Timing of cisplatin administration for chemoradiotherapy in transgenic mice bearing lens tumors.

Cisplatin-based concurrent chemoradiotherapy (CCRT) has become a standard treatment for cancer of the uterine cervix. However, there have been no investigations into the optimum timing for administration of anticancer drugs using animal models. The aim of the present study was to determine the appropriate timing for administration of the anticancer drug cisplatin in relation to delivery of radiation by assessing the antitumor activity and adverse effects of 3 different regimens in αT3 transgenic mice bearing lens epithelial tumors. CCRT showed the strongest antitumor activity. There was a significant difference between CCRT and administration of cisplatin before radiotherapy (neoadjuvant therapy) with regard to the apoptotic effect detected by TUNEL staining, but there was no significant difference between CCRT and administration of cisplatin after radiotherapy (adjuvant therapy). Assessment of adverse effects showed that there were no significant differences in the mortality rate, weight loss, anemia and leukopenia among the 3 regimens. In conclusion, these findings obtained in an animal model suggest that cisplatin should probably not be administered before irradiation, since the antitumor effect is significantly weaker than that of CCRT or administration after irradiation, while adverse effects are similar.

Introduction

Human papillomavirus (HPV) contributes to the development of cancer of the uterine cervix.
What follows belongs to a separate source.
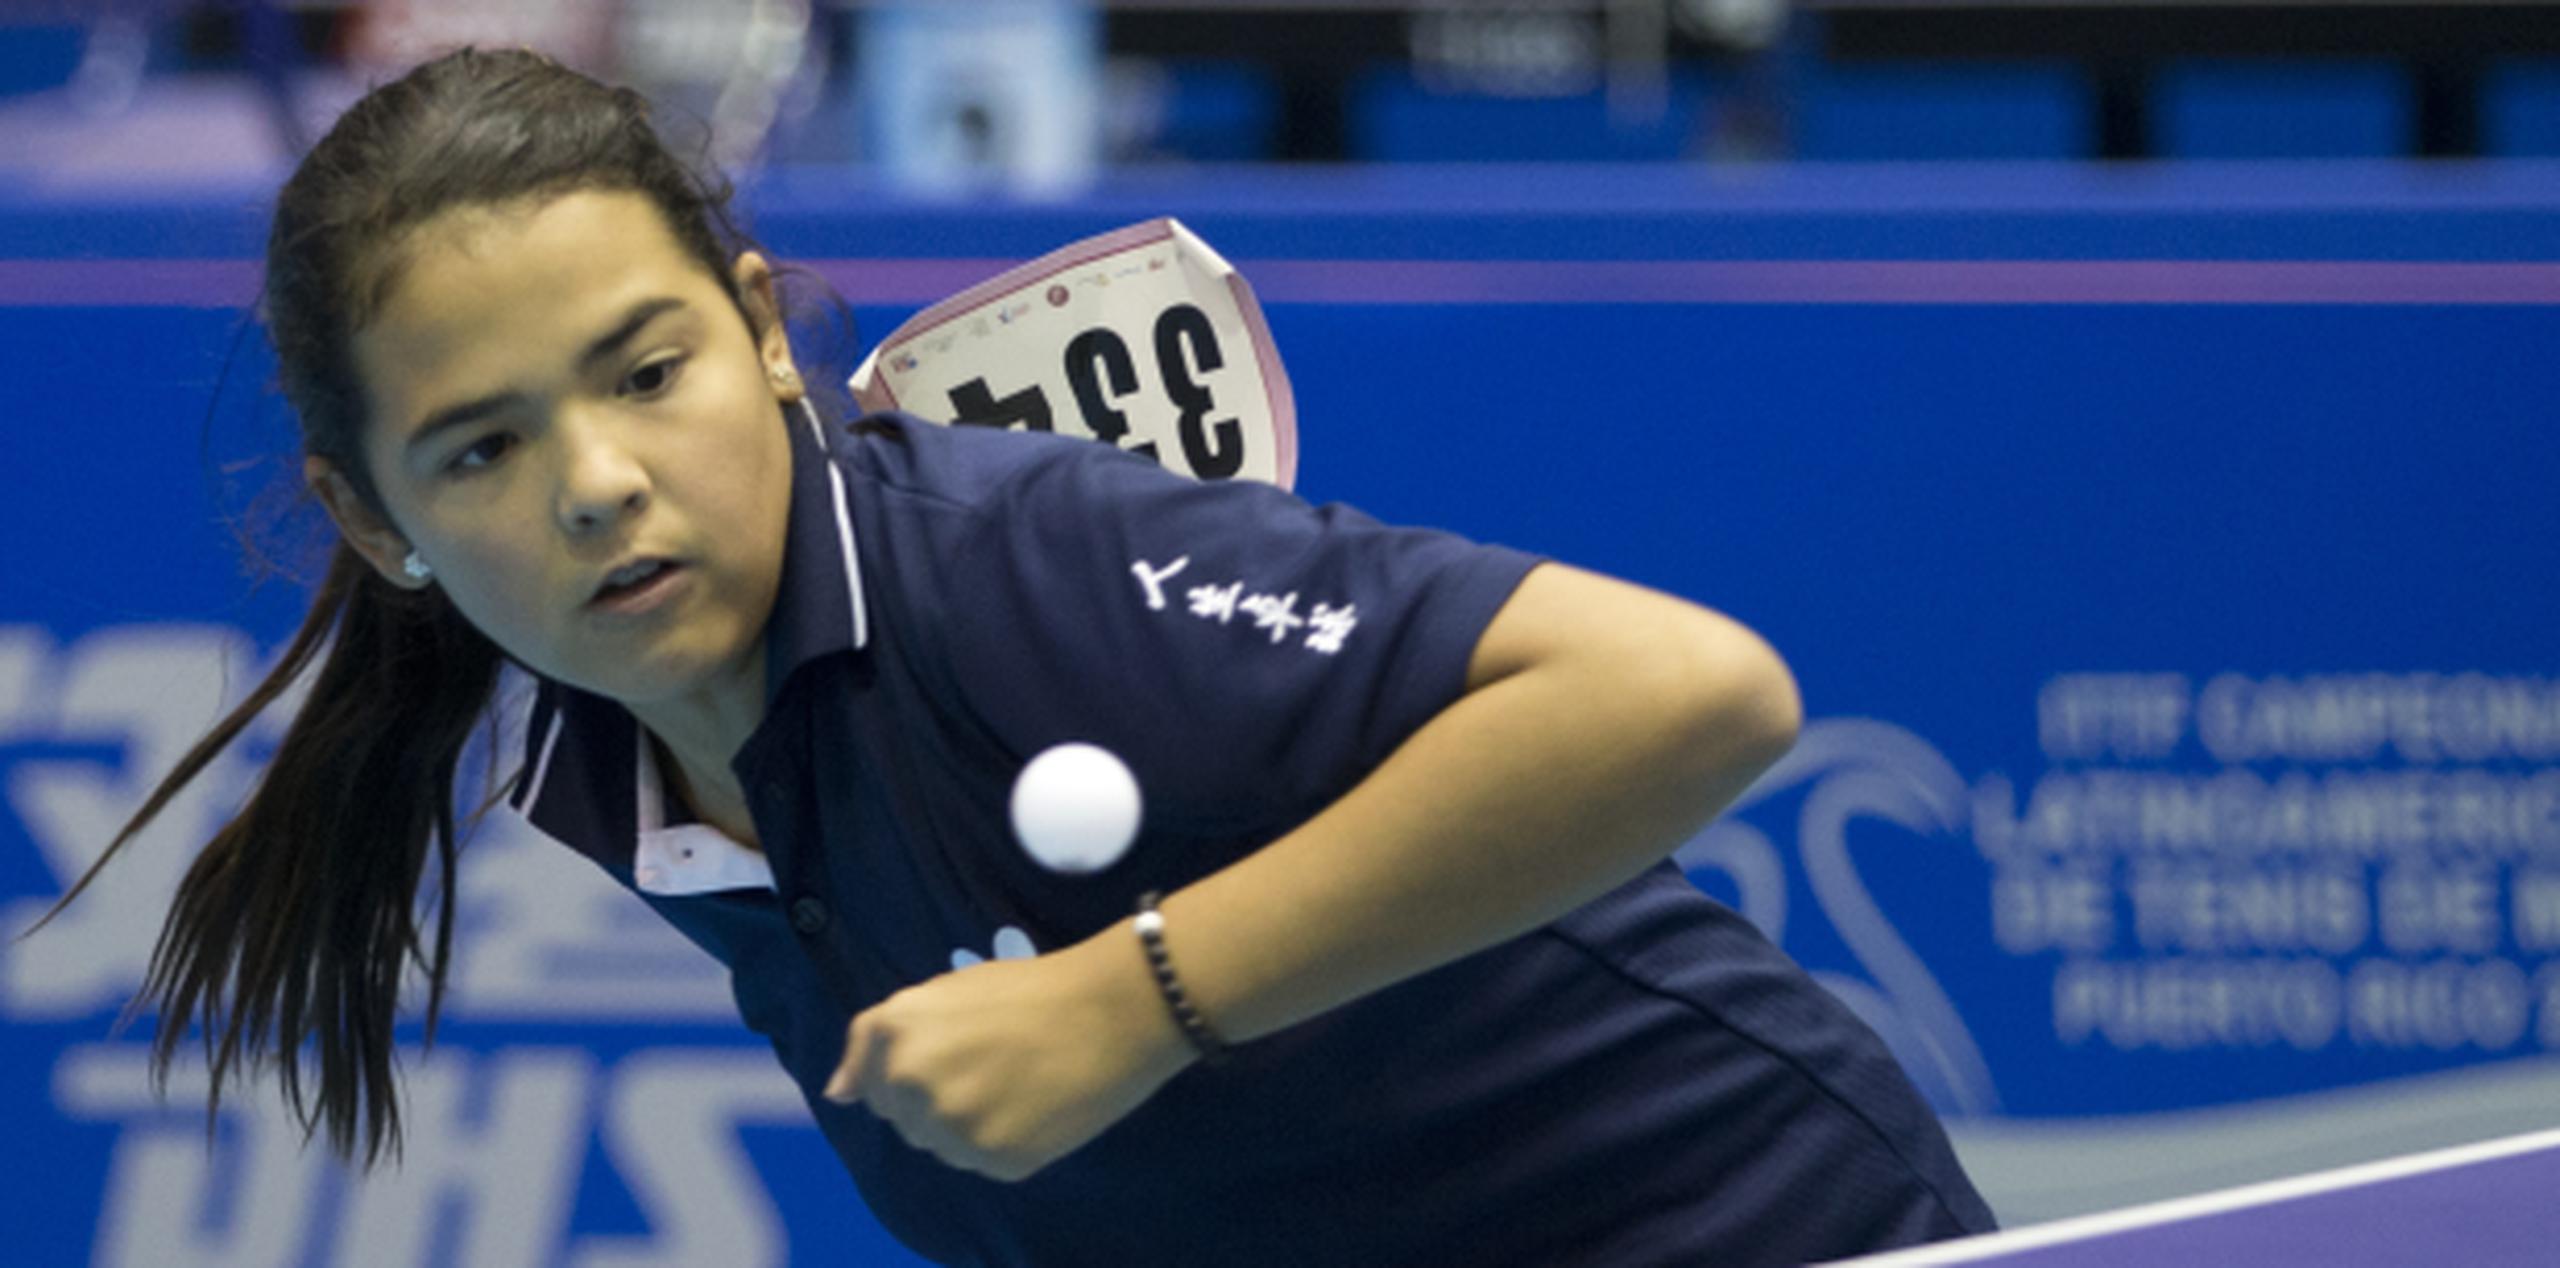 La jugadora de tenis de mesa Adriana Díaz, de 15 años de edad, será la mujer más joven en la historia en participar en una olimpiada. (Archivo)
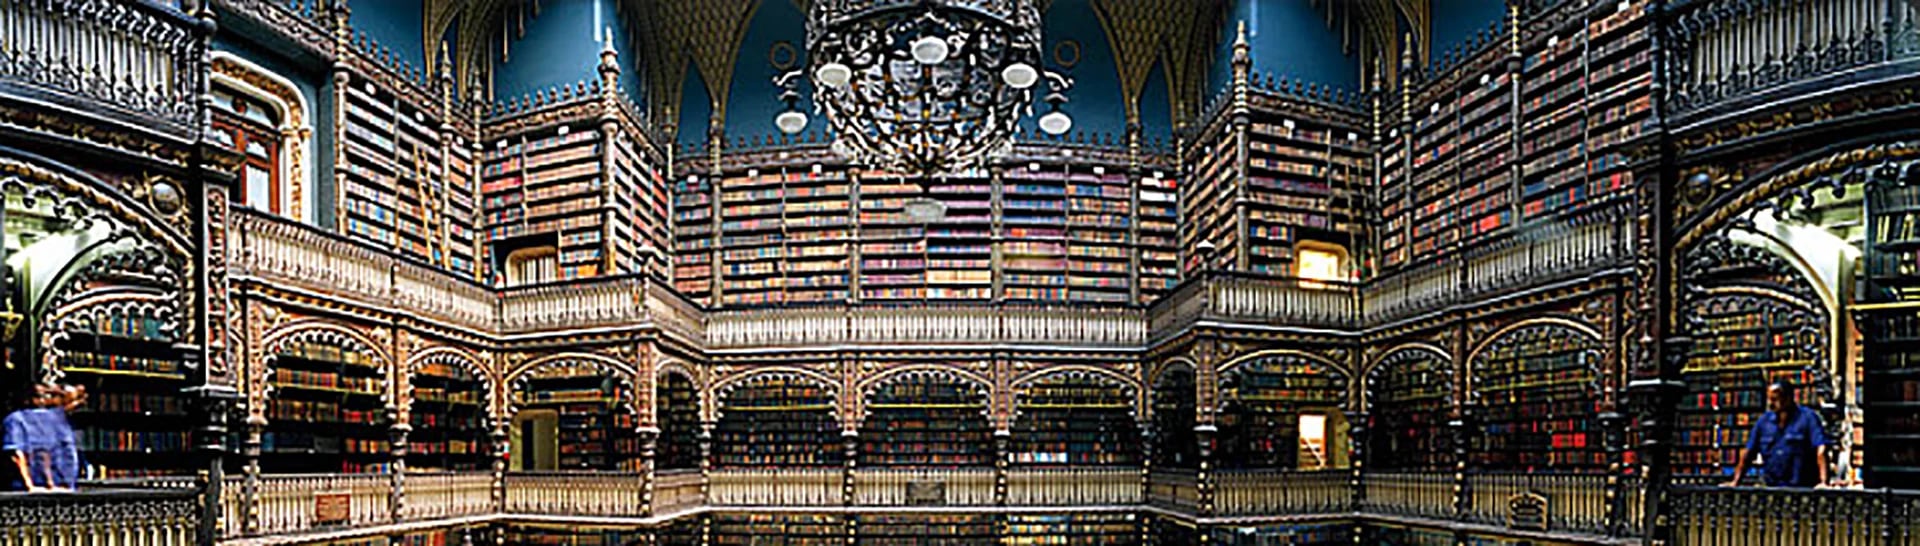 La biblioteca fue construida por inmigrantes portugueses hace siglos (Página web de la biblioteca)

It has been reported that the E6 oncoproteins of high-risk HPV types inhibit the activity of p53 tumor suppressor protein, while the E7 oncoproteins of high-risk HPV types inhibit pRB tumor suppressor protein (1,2). Cervical cancer is the second most frequent cancer among women worldwide (3) and concurrent chemoradiotherapy with cisplatin has become standard treatment for locally advanced cervical cancer (4–7). It has been confirmed that cisplatin-based concurrent chemoradiotherapy (CCRT) significantly decreases the risk of mortality due to cervical cancer by 30–50% (8–11), and also improves both disease-free survival and overall survival. However, virtually all chemotherapy agents enhance radiation damage to normal tissues, leading to severe adverse effects of concurrent chemoradiotherapy (12,13).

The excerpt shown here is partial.